Bank of Nova Scotia (BNS -2.16%) and Toronto-Dominion Bank (TD -0.24%) are both down around 10% or so in 2022. There are reasons for their declines, but for long-term investors, the price drops here could present a solid opportunity to buy these Canadian financial giants. Here's a quick look at each.

An acquisition binge

Toronto-Dominion, or TD Bank as it's more commonly known, is offering a 4% dividend yield today. That's toward the high side of the bank's historical yield range, hinting that it is trading hands at a reasonable, if not an attractive, level. One key reason for this is the fear of a recession, which is not at all unreasonable.

A bank teller providing service to a customer with a line behind them.

Image source: Getty Images.

If there's an economic downturn in the U.S. and/or in Canada, TD's two primary markets, loan defaults are likely to tick higher and loan growth will probably slow. That would put pressure on the bank's top and bottom lines. However, TD Bank had a very high Tier 1 capital ratio of 14.7% at the end of the second quarter. The Tier 1 ratio measures a bank's ability to withstand financial adversity, with higher numbers being better than lower ones. This bank looks prepared for a downturn.

The longer-term story, however, is about growth. TD Bank is a dominant name in Canada with an entrenched position. It is a big player in the United States, too, but there's still plenty of room for it to grow south of the border. In fact, it is working on two acquisitions right now. In February it agreed to buy First Horizon, expanding its banking footprint in the Southeastern United States. And in August it inked a deal to buy Cowen, which will materially increase TD's U.S. securities business. 

Over more than a century, TD Bank has proven it can withstand economic headwinds. So if you can see past the near-term economic concerns and focus on the growth platform management is building, this high-yield bank could be worth adding to your portfolio.

Positioned in long-term growth markets

Bank of Nova Scotia, or Scotiabank depending on who you ask, is a similar story, but with a slightly different twist. Like TD Bank, Scotiabank is an entrenched giant in Canada. It has sold off, too, because of concerns about an economic slowdown and the impact that would have on its business. However, the really big difference here is that Scotiabank isn't focused on growing in the U.S. market. Its latitudinal focus falls all the way down into South America. 

To be fair, that increases risk, since South American economies haven't historically been as stable as the United States. Which is why the stock's dividend yield is 5%, a full percentage point above TD's yield. However, the less-developed region has an opportunity to grow at a faster clip. For investors with a long-term outlook and who are willing to stomach some volatility over short periods, Scotiabank offers a unique combination of Canada's conservative foundational core with a South American growth flair.

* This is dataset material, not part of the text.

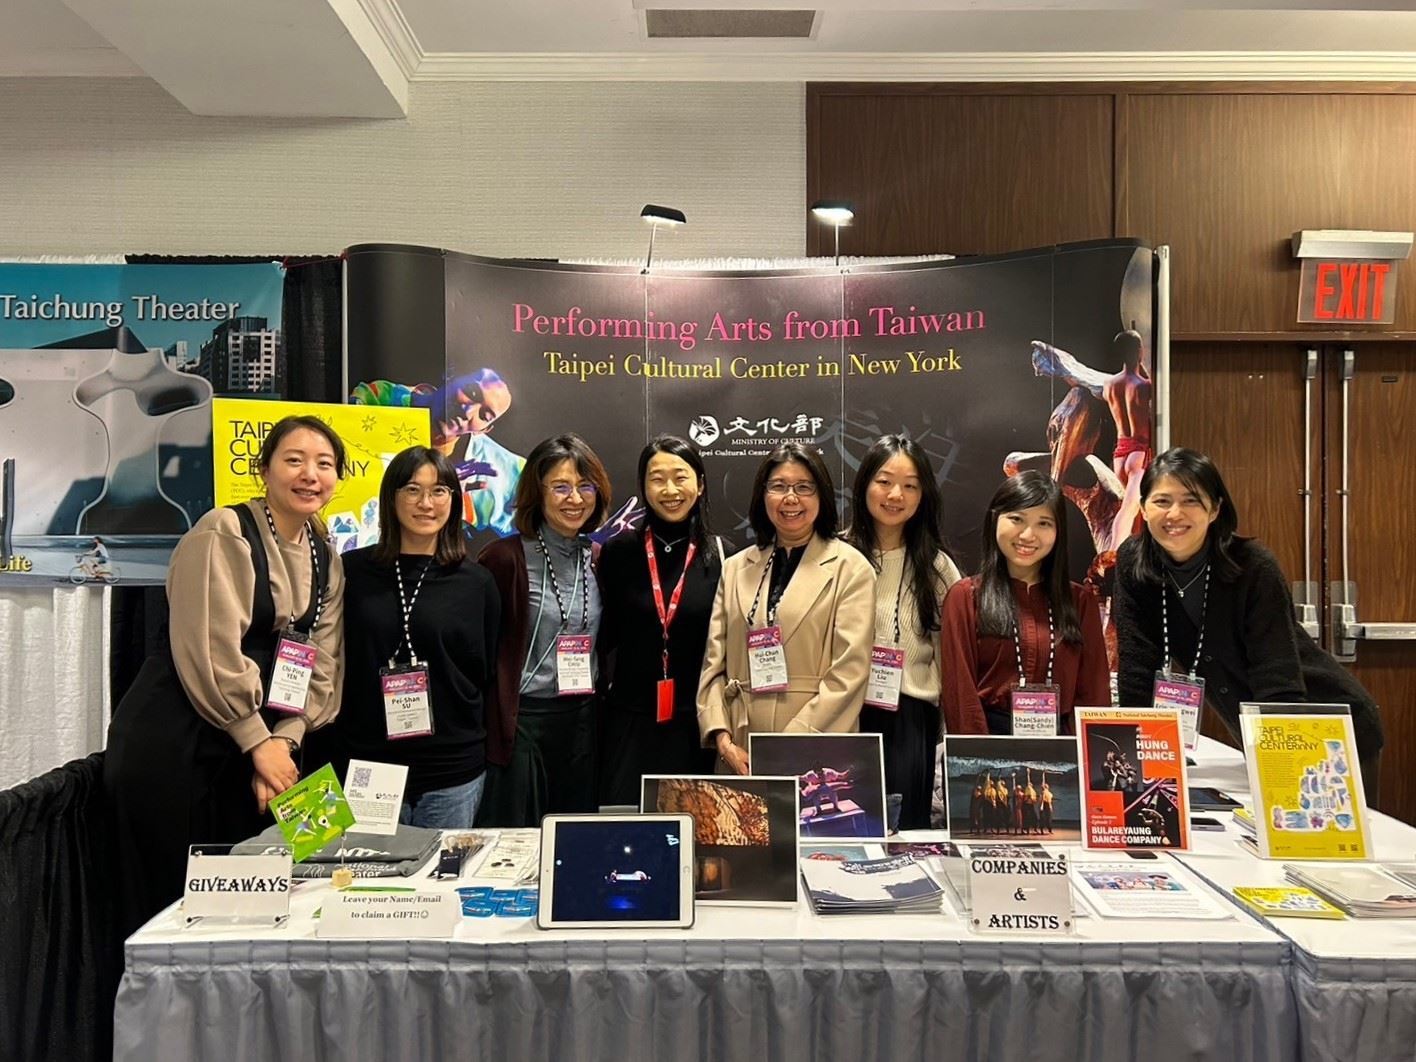 Performing arts from Taiwan highlighted at APAP conference in New York
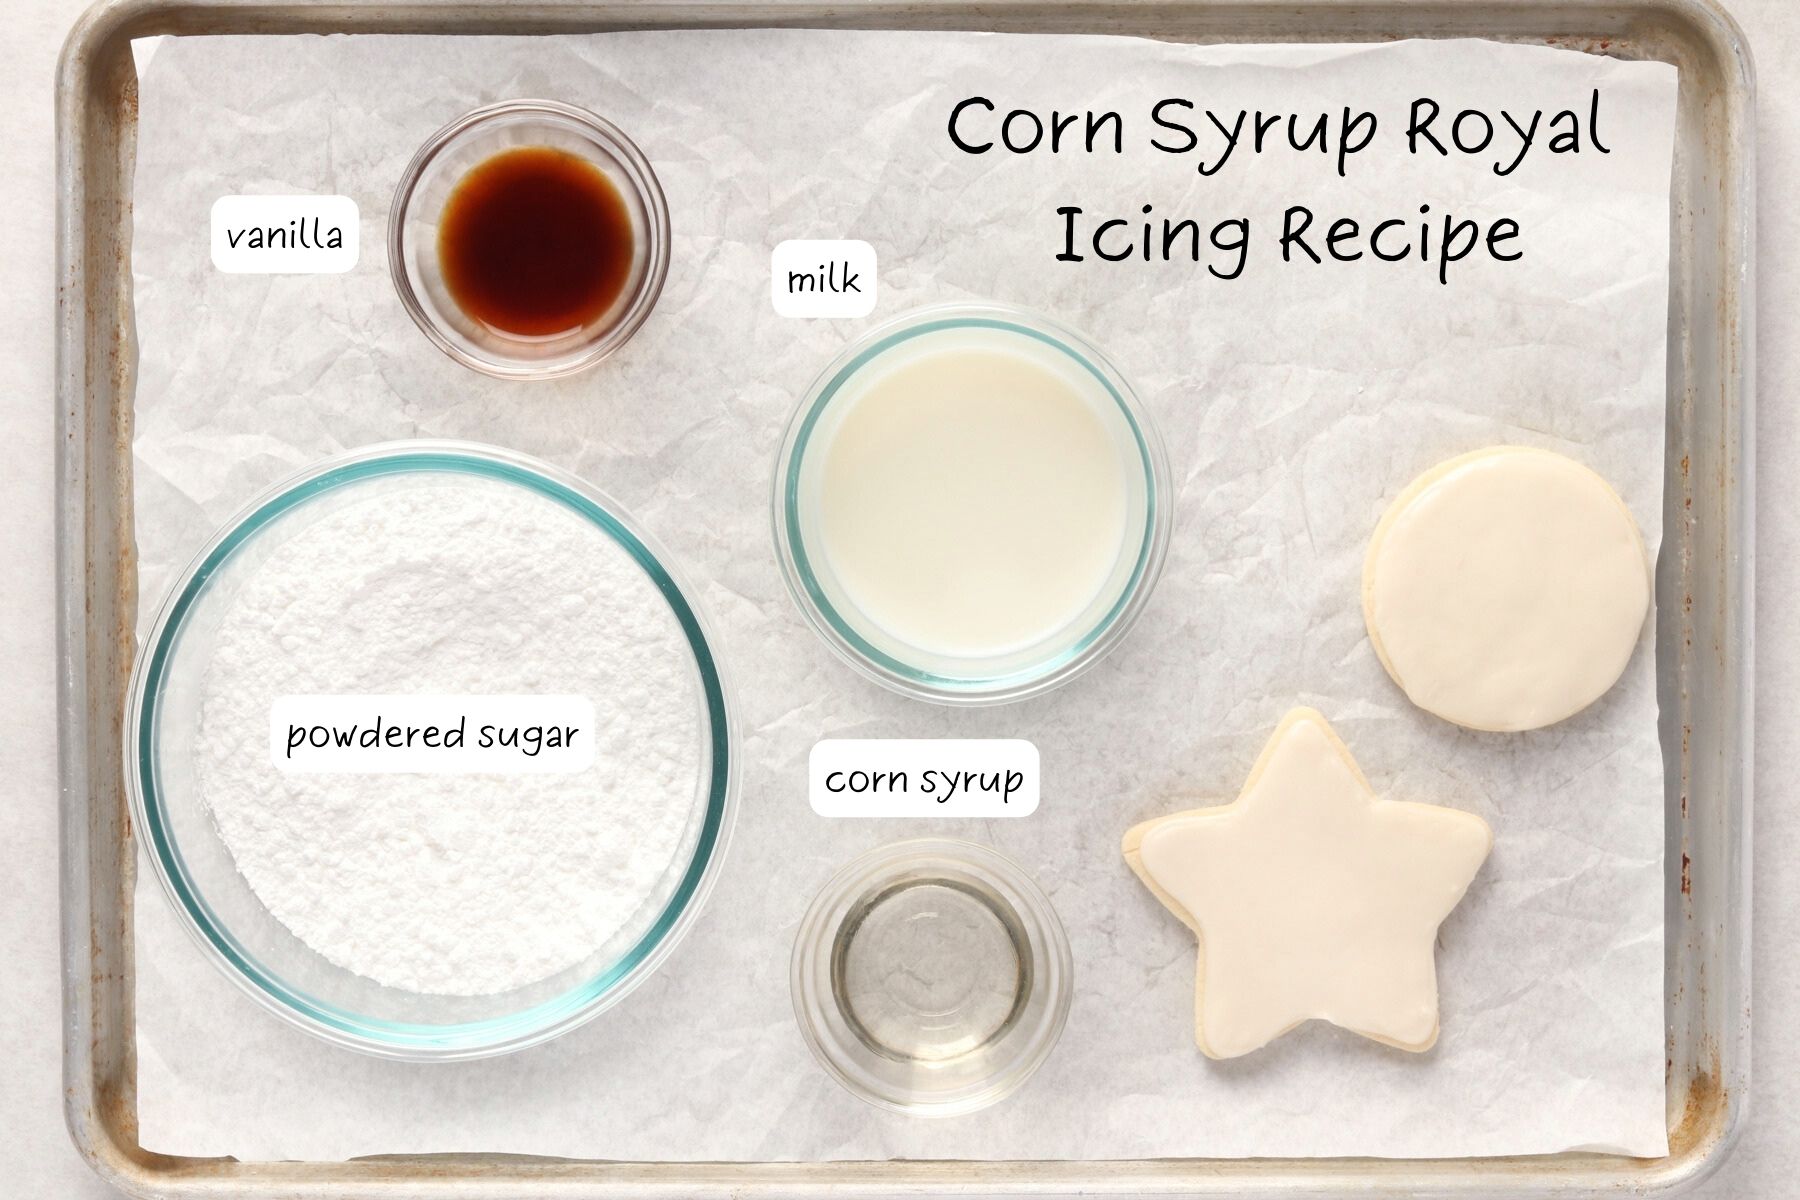 Ingredients for royal icing made without meringue powder. Powdered sugar, corn syrup, milk, and vanilla.

Some numbers will help. Scotiabank is the third-largest bank in Canada, which represents roughly 65% of its earnings. This is a mature market and has been fairly stable over time, thanks to strict banking regulations. Meanwhile, Scotiabank is also No. 3 in Peru, No. 3 in Chile, No. 5 in Mexico, and No. 6 in Columbia. These countries make up most of the rest of earnings, though Scotiabank does have other exposures, like the 6% of earnings that come from the United States. Still, the big picture here is that Bank of Nova Scotia is a sizable player in key developing markets in South America, and that should support the bank's long-term growth.

Like TD Bank, Scotiabank is well over 100 years old. It has proven it can roll with the economic punches, though its Tier 1 capital ratio was a fair bit lower at 11.6% at the end of the second quarter. Still, for more growth-minded dividend investors, the current yield, at the high end of its historical range, should be pretty enticing.

Buying despite the overhang

There's no question that a recession would be bad news for both TD Bank and Scotiabank, but the risk has opened up an opportunity for those willing to think long term. Both of these ultrahigh-yield banks are well positioned to weather adversity, have experience dealing with headwinds, and are working on growing their already sizable businesses. TD Bank is probably more appropriate for conservative investors than Scotiabank, but if you buy both you will, effectively, have exposure to all of the Americas. That's a fairly interesting income proposition.